- [Exercise] Below is a listing; retype exactly the line with "Looking up at Les Baux-de-Provence" and every line after it through the end, and only those, leaving out the pictures.

:: Stored data

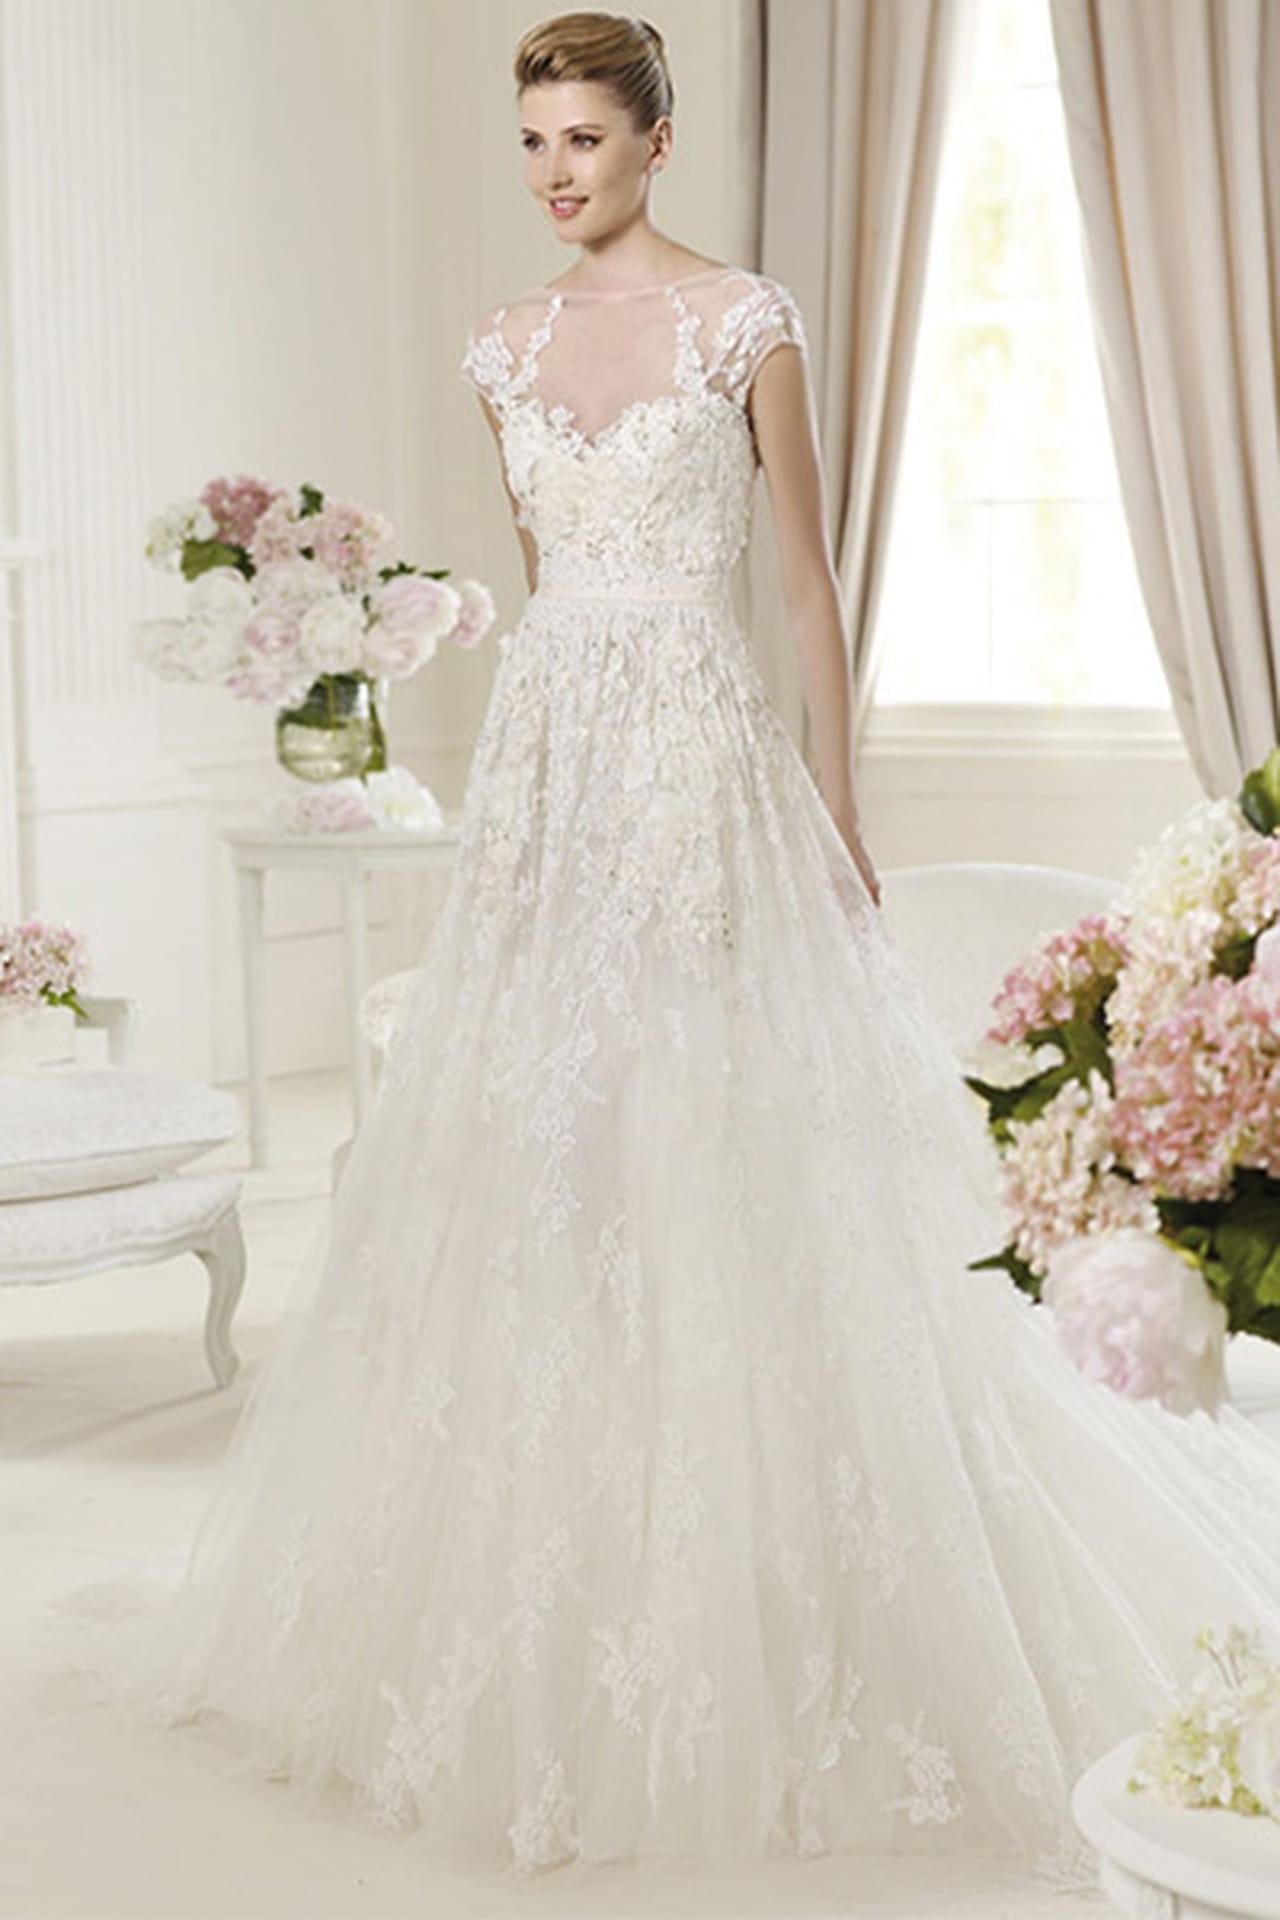 397493eb7 مجموعة فساتين الزفاف من ايلي صعب 2014
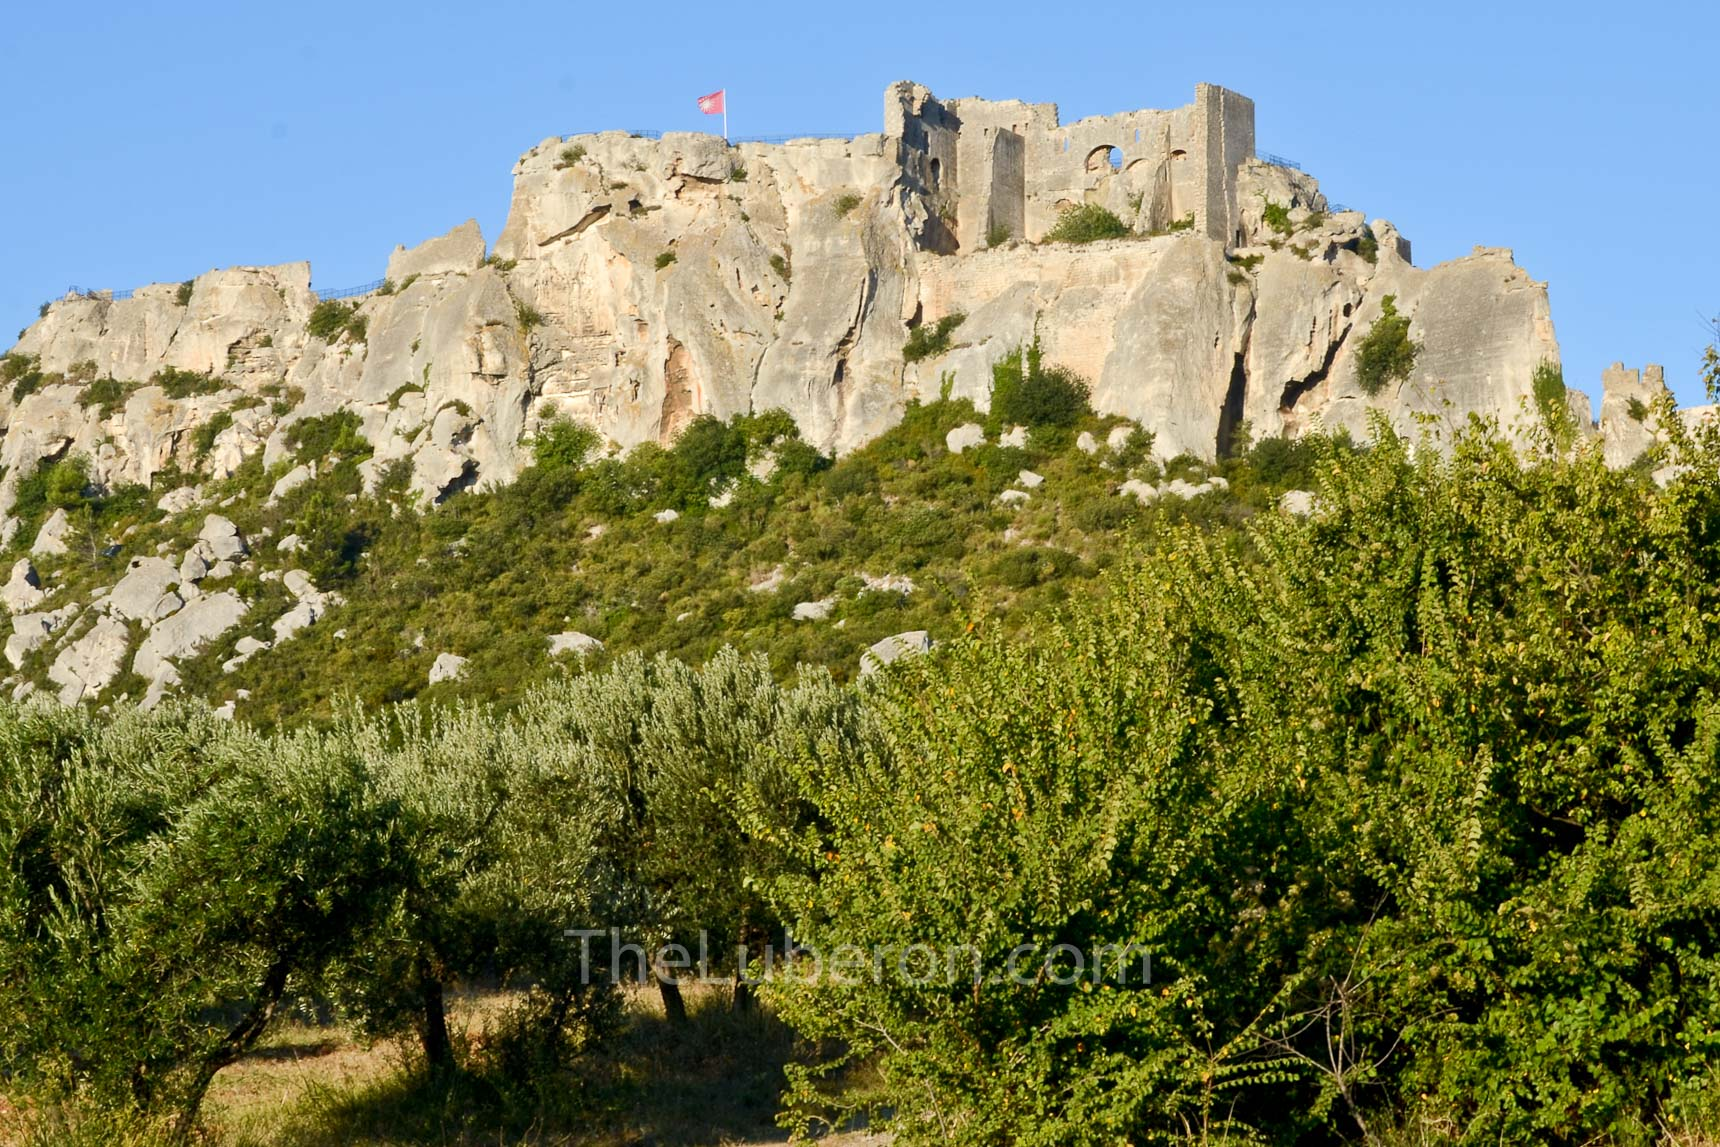 Looking up at Les Baux-de-Provence
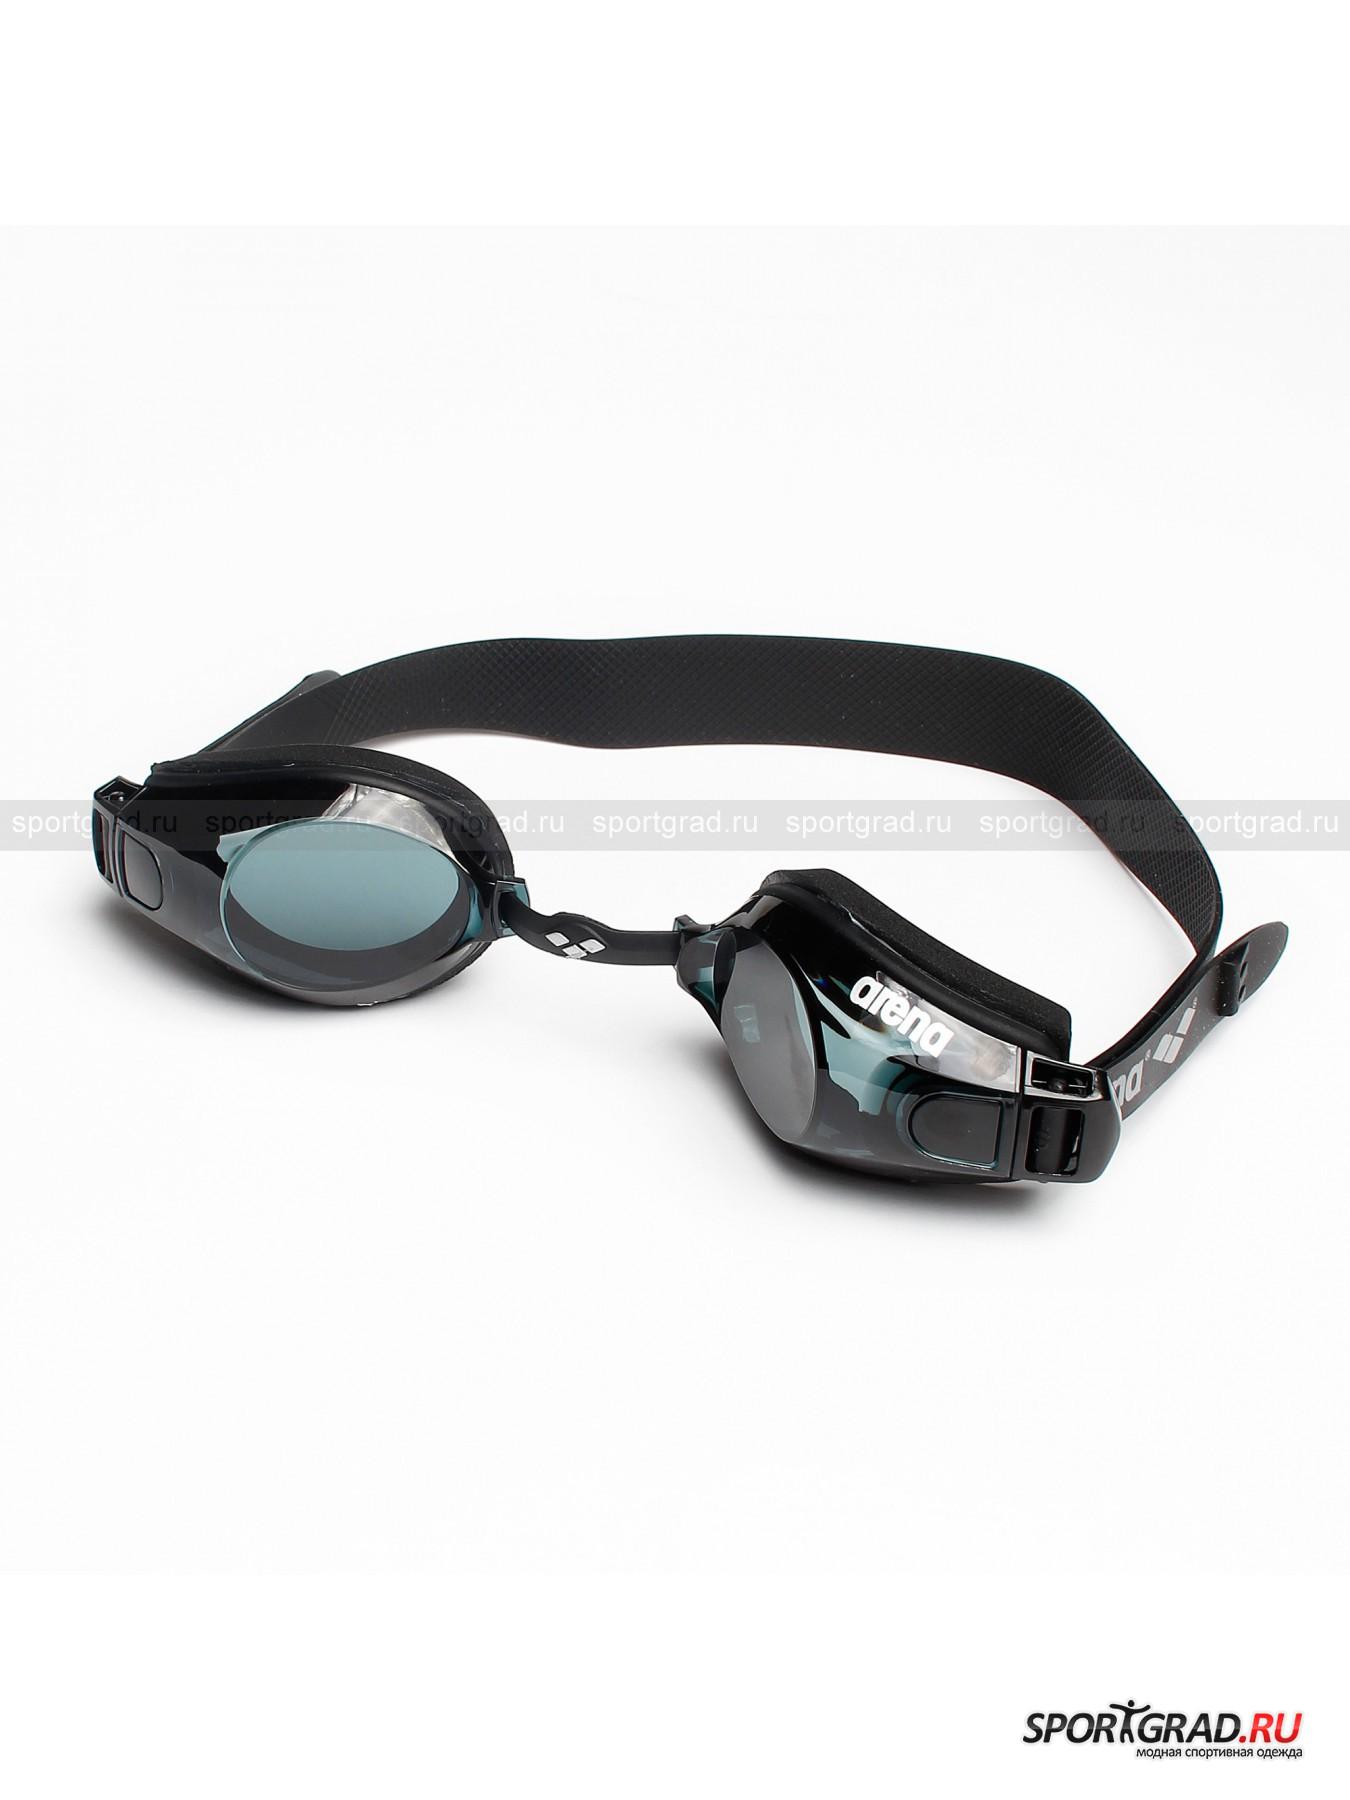 Очки для плавания Zoom Neoprene ARENA от Спортград

::::

- [Answer box]
 Looking up at Les Baux-de-Provence
 Очки для плавания Zoom Neoprene ARENA от Спортград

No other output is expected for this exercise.